John Maynard Keynes once warned that “practical men, who believe themselves to be quite exempt from any intellectual influence, are usually the slaves of some defunct economist.” His thesis was not simply that bad ideas endure, but that when ideas are detached from the intellectual and institutional contexts that produced them, they acquire a dangerous autonomy. They migrate into power, are simplified, and begin to operate as moral imperatives rather than as arguments. The current convergence of Trumpism, Cuban American exile conservatism, select strands of migration economics, humanitarian language, and migratory flows illustrates this process with unsettling clarity, transforming Cuba from a real and complex society into a symbolic problem that demands historical closure.

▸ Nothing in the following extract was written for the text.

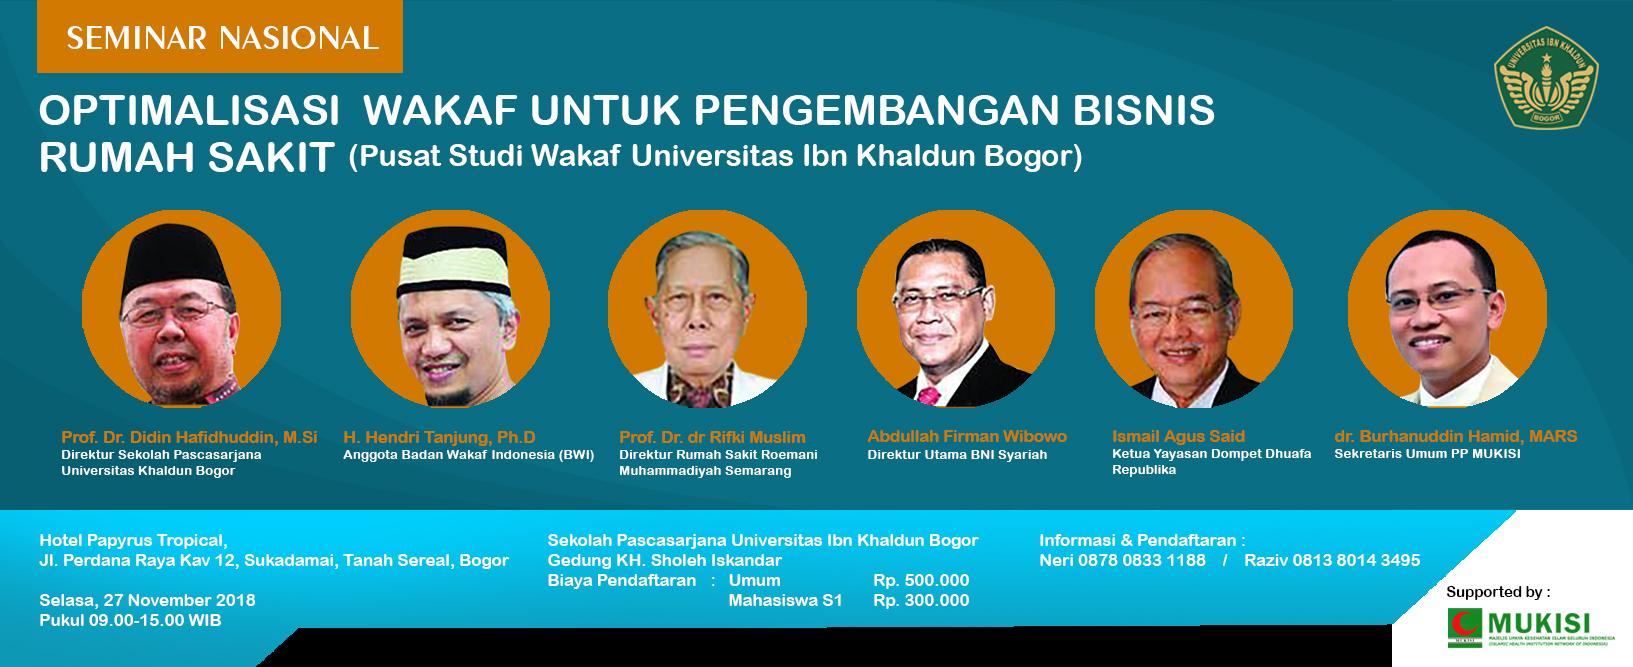 Seminar Nasional 3

Since the 1959 Revolution, Cuba has occupied a singular place in the U.S. political imagination. The overthrow of the U.S.-backed Batista dictatorship and the island’s rapid alignment with the Soviet Union constituted not only the emergence of an adversarial state, but a permanent affront to U.S. hemispheric authority ninety miles from Florida.

The Bay of Pigs invasion, the Missile Crisis, and decades of embargo, covert action, and diplomatic isolation fixed Cuba as a Cold War problem whose symbolic weight far outlived its strategic significance. Even after the collapse of the Soviet Union, Cuba’s survival remained, for many in Washington, an unresolved historical anomaly.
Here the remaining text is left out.